You Can Always Trust A Dishonest Man To Be Dishonest
I believed I had it all: a beautiful ten-year-old daughter and five-year-old son, an easy job I love, and a hard-working husband who understood me like the back of his hand. Case in point, I almost died during our son’s birth, and because of that, I didn’t want to have any sex any time soon after his birth. My body was in too much pain, and the emotional trauma from it all was not very… bedroom-mood-worthy. My husband never pushed for sex, though, and didn’t even ask, so I assumed he understood me and was just getting it on with videos or movies.
Imagine my shock when CPS arrived at our home a few months ago and revealed to us that one of [Husband]’s former coworkers, whom I’d never met, had passed away, leaving a five-year-old daughter behind, [Husband]’s name was on her birth certificate, and the woman had named him her daughter’s father in her will.
Yes, he was going out cheating on me while I was facing an overly complicated pregnancy and life-threatening birth. And then, he had the gall to tell me it was to help me!
The CPS workers explained to us that [Husband] was her closest living relative and asked if we wanted to take her in. I agreed to take her in. Yes, I know this might be the true cause of all my issues, but my husband had pawned that poor girl off to live with her single mother for five years; he didn’t get to pawn her away when she needed help. She was his responsibility, and now, she is ours.
I told [Husband] I’d help take care of the necessary visits for wellness checks and help with whatever CPS wanted us to do. All he had to do was explain everything to our children. We had to clean out a room and buy new furniture, and we even looked for some toys. Our children go to a private school, so I picked up some more work hours in order to be able to afford her tuition. I was the one who had to tell our extended families about the big change because he didn’t want to do so. I did almost all of the heavy lifting.
So, color me shocked when his daughter finally joined our family two weeks ago, and the first words out of our children’s mouths were, “Who’s that?” Yes, I was the one who had to tell our children’s school, extended families, family doctors, and my workplace about my husband’s affair and subsequent addition to our family, but he couldn’t tell our children because he was “too ashamed” to face them.
So, guess who had to explain that they have a sister now as I was trying to settle the poor girl into her new home and room? And shocker, our children didn’t take the news well as it was happening right in front of them. My daughter was screaming while crying, causing my son and the little girl to cry. The situation could have been avoided if my husband had just done the one thing I asked of him and explained everything to them much sooner.
When I complained about it to friends and others, they were quick to point out how his explanation didn’t make sense. Our children had very clearly seen the new room, I had made passing comments about her to them, and they had heard me mention paying their school for a new addition. They should have known about her.
So, I sat my daughter down and asked her why she and her brother had gotten so upset when the little girl arrived when they had known about it. As it turned out, the explanation they got from their father was very different from the actual truth.

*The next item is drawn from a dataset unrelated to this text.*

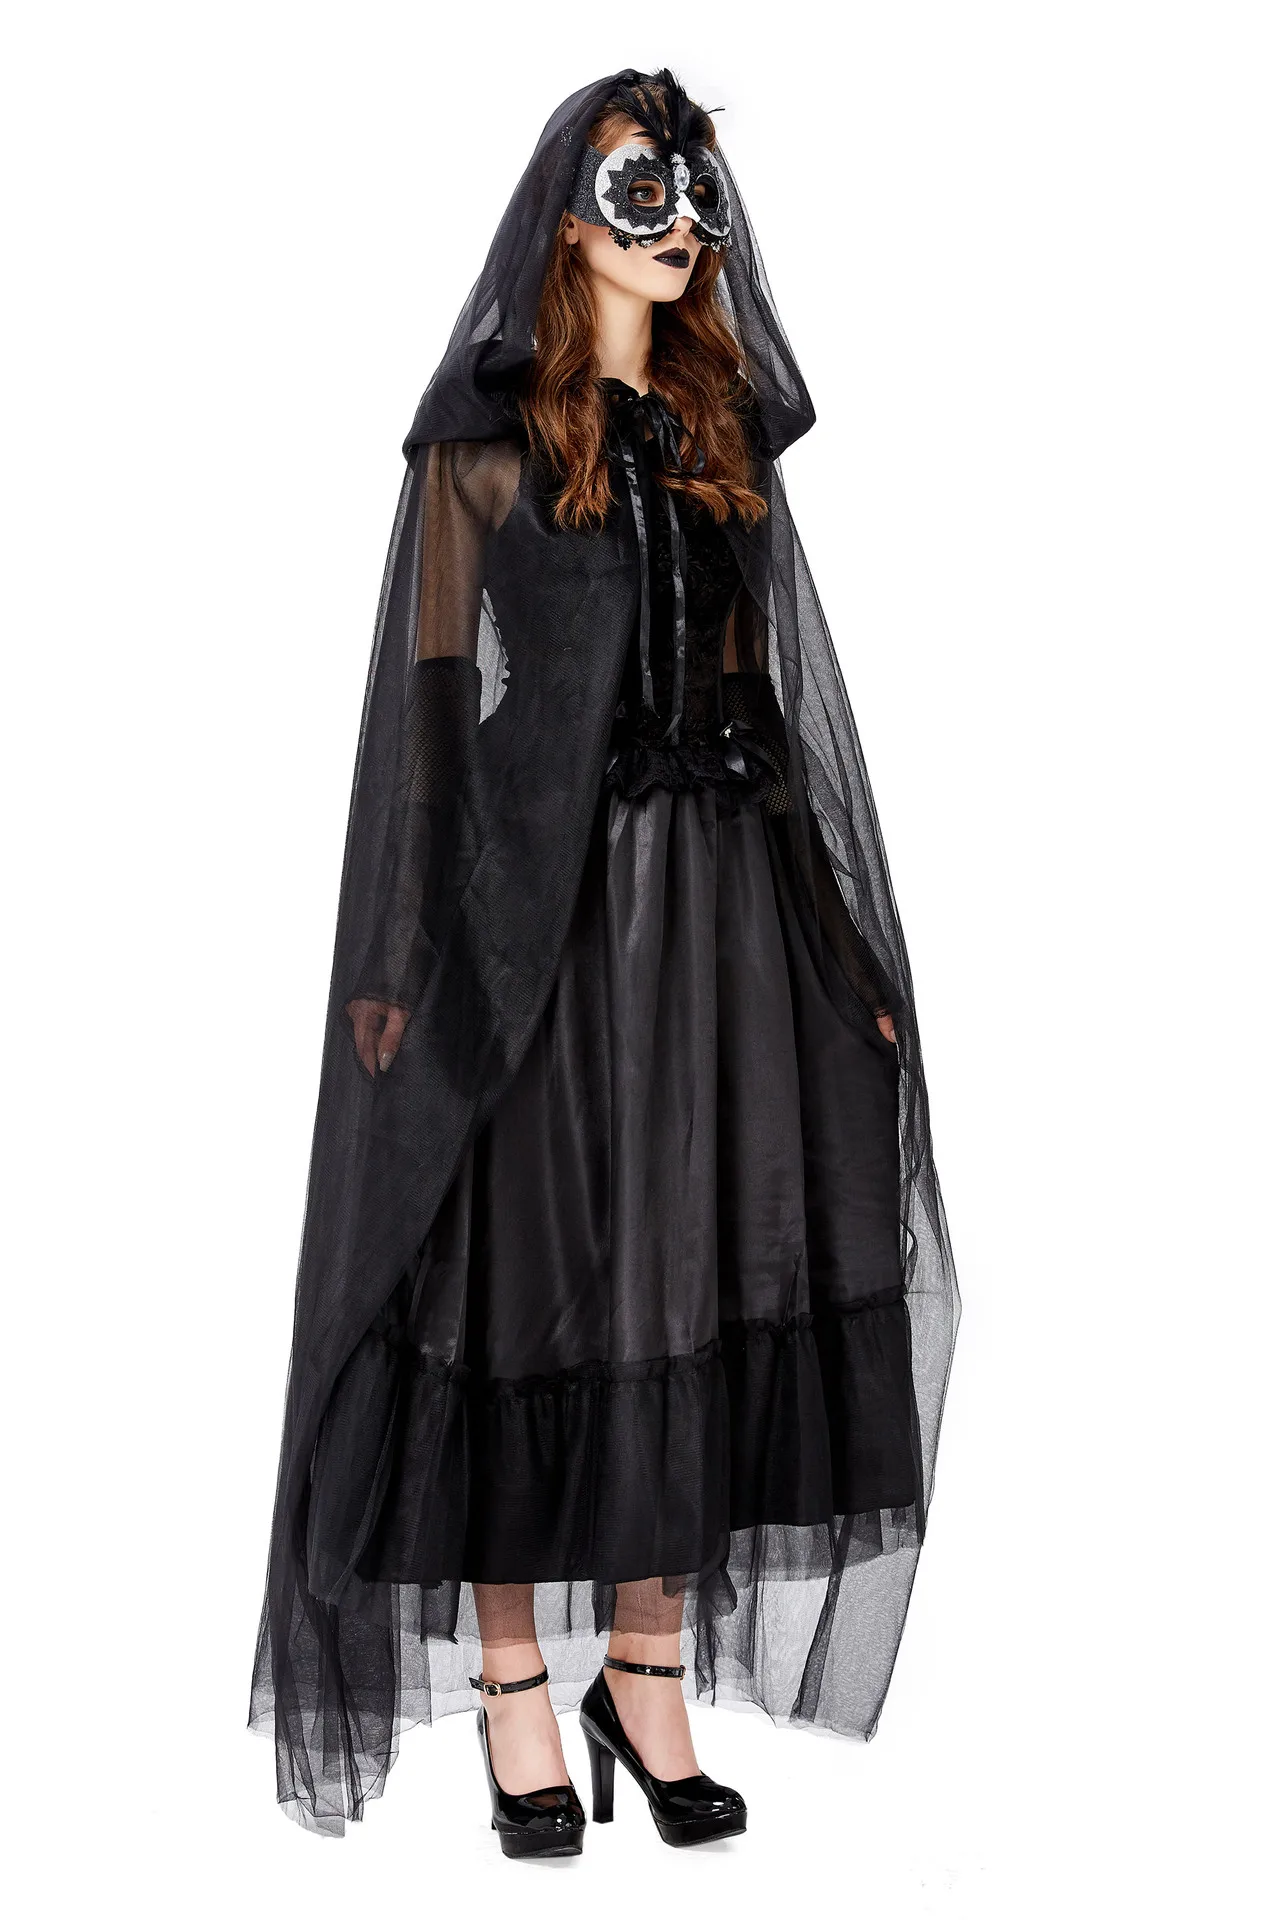 Костюм для косплея дьявол на Хеллоуин, женское платье с привидением невесты, вампира, фэнтези, вечерние платья с террором, женские костюмы для взрослых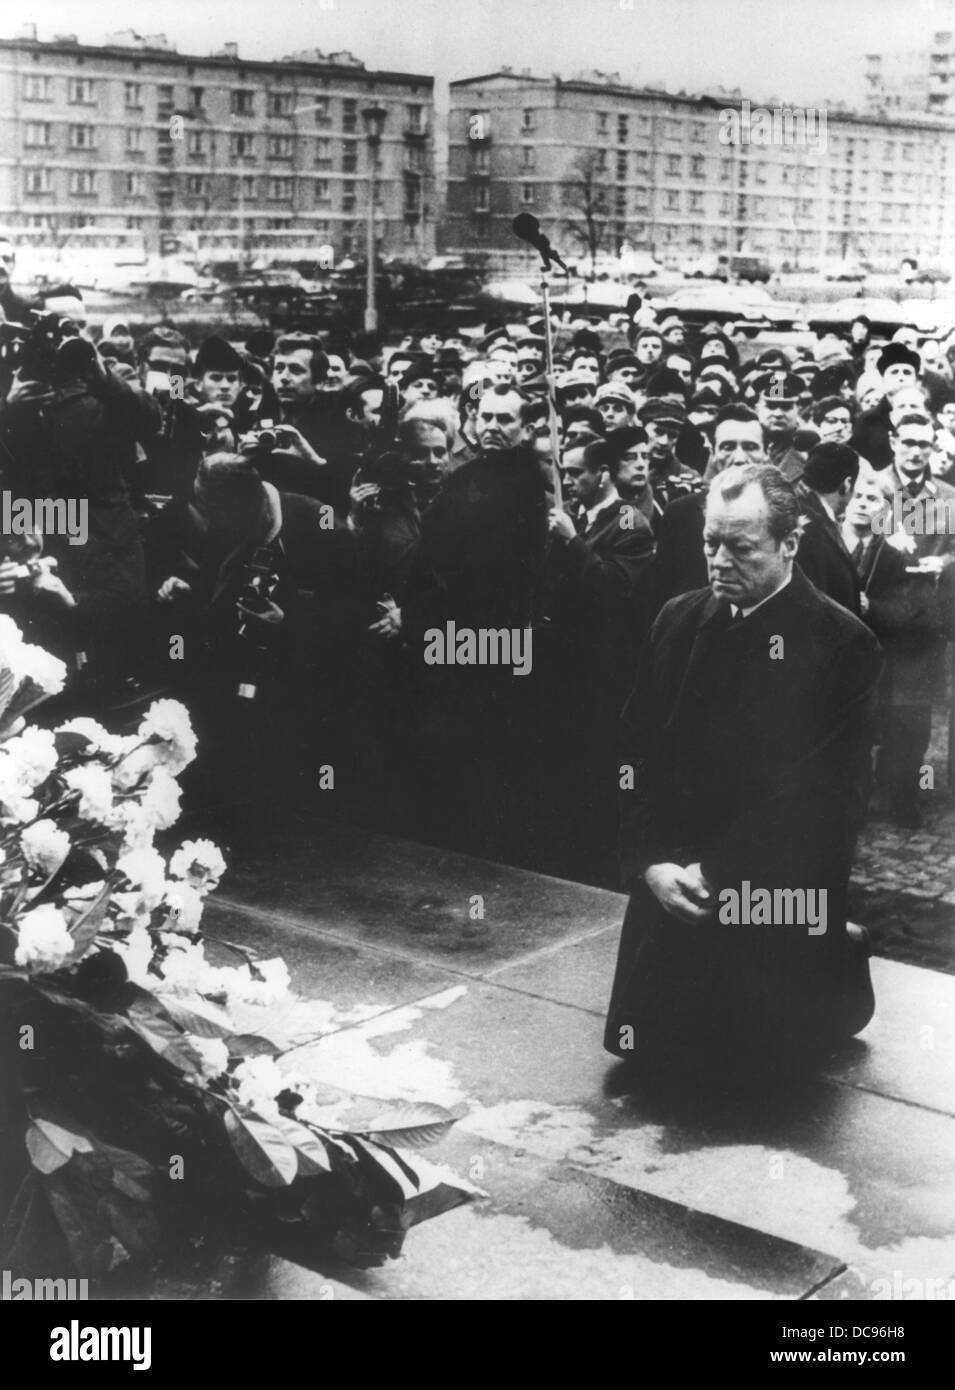 Scena storica: il Cancelliere Willy Brandt le ginocchia verso il basso di fronte al monumento dedicato agli eroi della insurrezione in aprile 1943, nell'ex ghetto di Varsavia il 7 dicembre nel 1970. Foto Stock

He’d told them that a dear friend of ours had passed away and, out of the kindness of our hearts, we had decided to take in their daughter. So, when she arrived and they asked who she was, it ruined his lies when I responded that she was their half-sister. Our daughter is old enough to know what that means and promptly freaked out. She wasn’t upset because she had just learned about our newest addition that day but because she had figured out that her father wasn’t faithful.
Needless to say, I’m planning on divorcing him. But first, I’ve got to get therapy for everyone but the spineless manchild, and I hopefully will be getting custody of my new daughter. One foot at a time.